GMIB reinsurance contracts are used to cede to affiliated and non-affiliated reinsurers a portion of the exposure on variable annuity products that offer the GMIB feature. The GMIB reinsurance contracts are accounted for as derivatives and are reported at fair value. Gross reserves for GMIB are calculated on the basis of assumptions related to projected benefits and related contract charges over the lives of the contracts and therefore will not immediately reflect the offsetting impact on future claims exposure resulting from the same capital market and/or interest rate fluctuations that cause gains or losses on the fair value of the GMIB reinsurance contracts. The changes in the fair value of the GMIB reinsurance contracts are recorded in the period in which they occur while offsetting changes in gross reserves and DAC for GMIB are recognized over time in accordance with policies described in the Company’s Notes to Consolidated Financial Statements for the year ended December 31, 2015 under “Policyholders’ Account Balances and Future Policy Benefits” and “DAC”. These differences in recognition contribute to earnings volatility.
Adoption of New Accounting Pronouncements
In February 2015, the FASB issued a new consolidation standard that makes targeted amendments to the VIE assessment, including guidance specific to the analysis of fee arrangements and related party relationships, modifies the guidance for the evaluation of limited partnerships and similar entities for consolidation to eliminate the presumption of general partner control, and ends the deferral that had been granted to certain investment companies for applying previous VIE guidance.
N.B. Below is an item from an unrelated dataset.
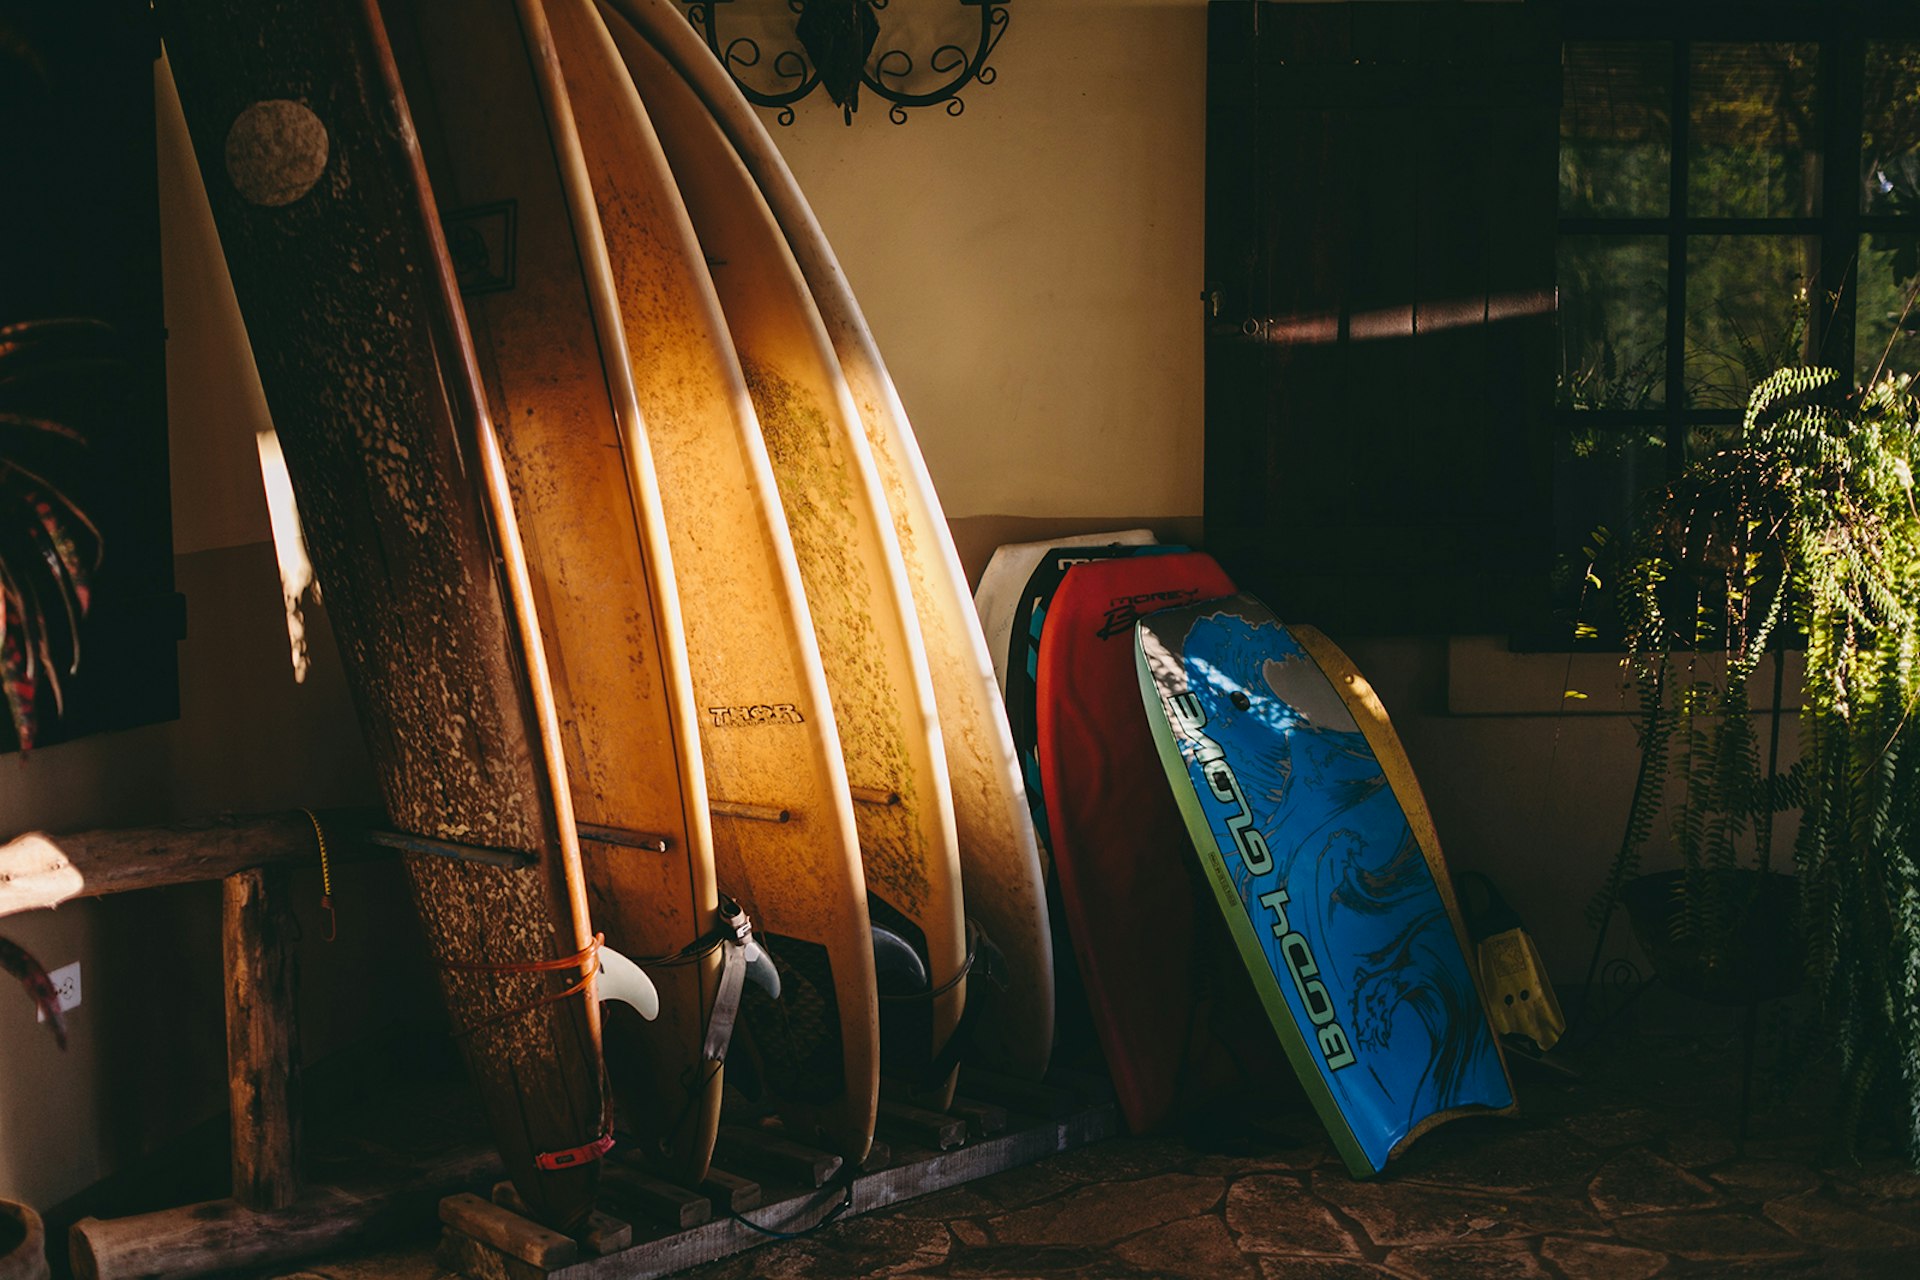 Features - Surfboards put away at the end of the day
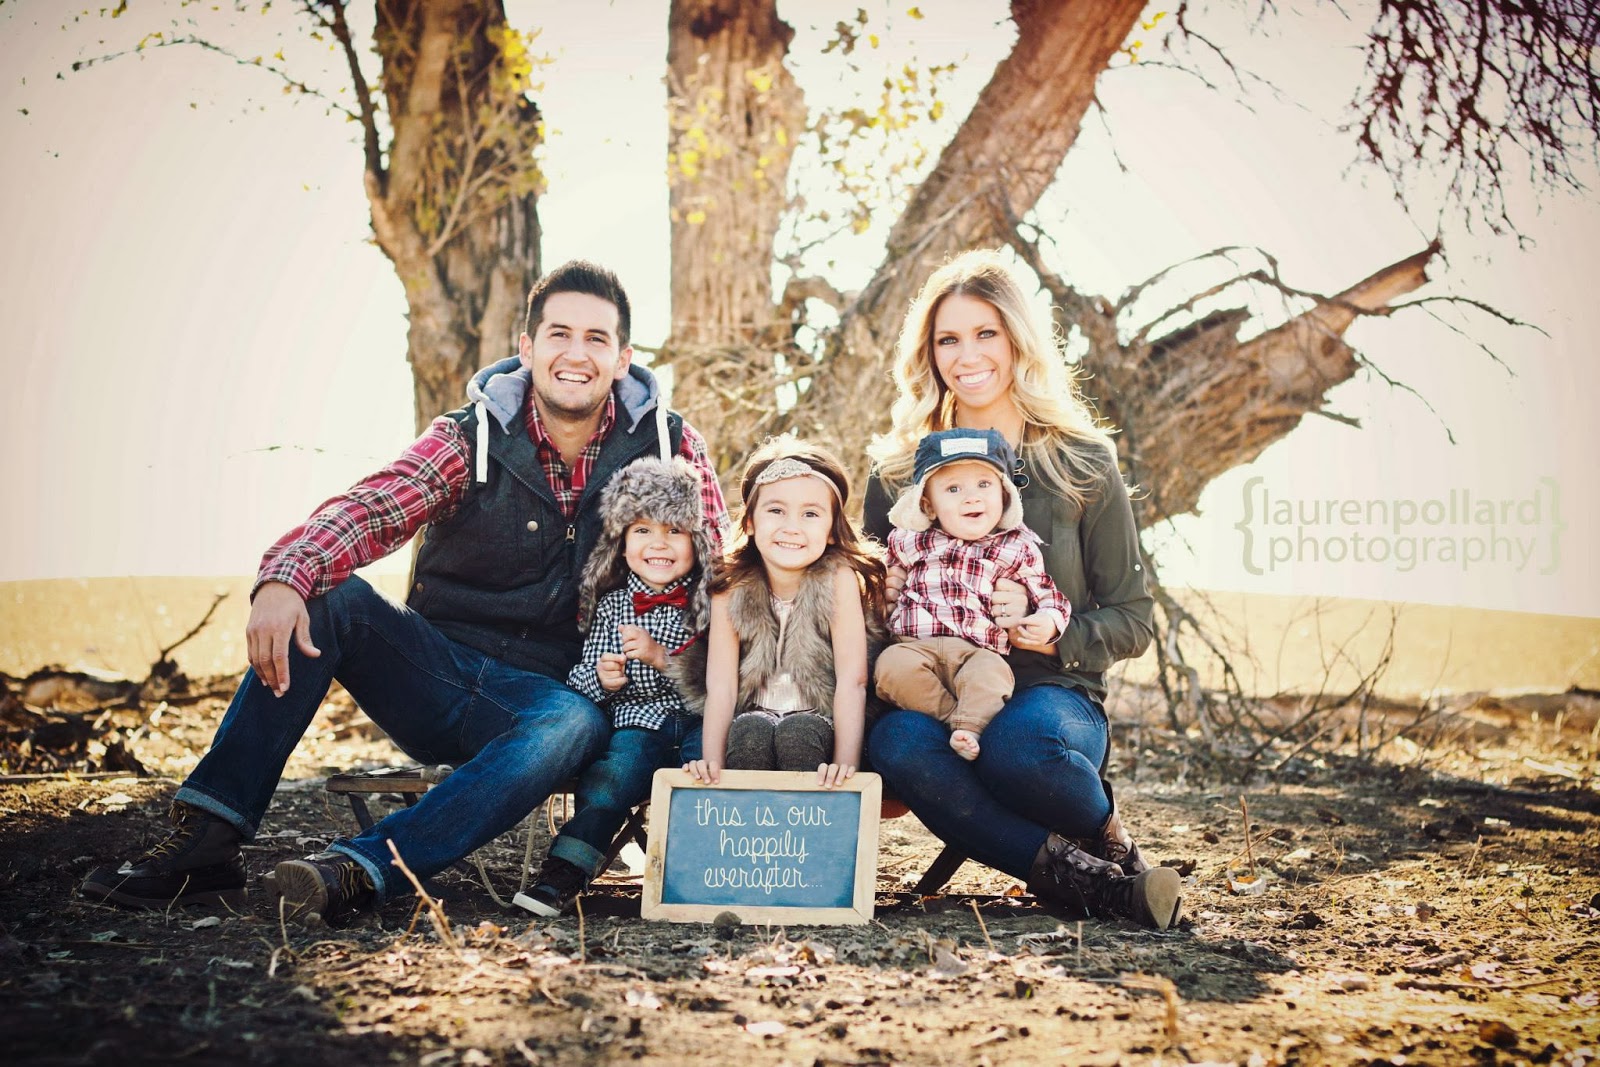 Fawn Over Baby: Family Photo Session By Lauren Pollard Photography

The Company adopted this new standard beginning January 1, 2016, having elected not to early-adopt in previous interim periods, and applied the guidance using a modified retrospective approach, thereby not requiring the restatement of prior year periods. The Company’s reevaluation of all legal entities under the new standard resulted in identification of additional VIEs and consolidation of certain investment products of the Investment Management segment that were not consolidated in accordance with previous guidance. “See Consolidation of VIEs” below.
In May 2015, the FASB issued new guidance related to disclosures for investments in certain entities that calculate net asset value (“NAV”) per share (or its equivalent). Under the new guidance, investments measured at NAV, as a practical expedient for fair value, are excluded from the fair value hierarchy. Removing investments measured using the practical expedient from the fair value hierarchy was intended to eliminate the diversity in practice with respect to the categorization of these investments. The only criterion for categorizing investments in the fair value hierarchy is now the observability of the inputs. The amendment was effective retrospectively for interim and annual periods beginning after December 15, 2015. Implementation of this guidance did not have a material impact on the Company’s consolidated financial statements.
In April 2015, the FASB issued new guidance, simplifying the presentation of debt issuance costs, which requires debt issuance costs to be presented in the balance sheet as a direct deduction from the carrying value of the associated debt liability, consistent with the presentation of a debt discount. The new guidance was effective retrospectively for interim and annual periods beginning after December 15, 2015. Implementation of this guidance did not have a material impact on the Company’s consolidated financial statements.
In June 2014, the FASB issued new guidance for accounting for share-based payments when the terms of an award provide that a performance target could be achieved after the requisite service period. The new guidance was effective for interim and annual periods beginning after December 15, 2015. Implementation of this guidance did not have a material impact on the Company’s consolidated financial statements.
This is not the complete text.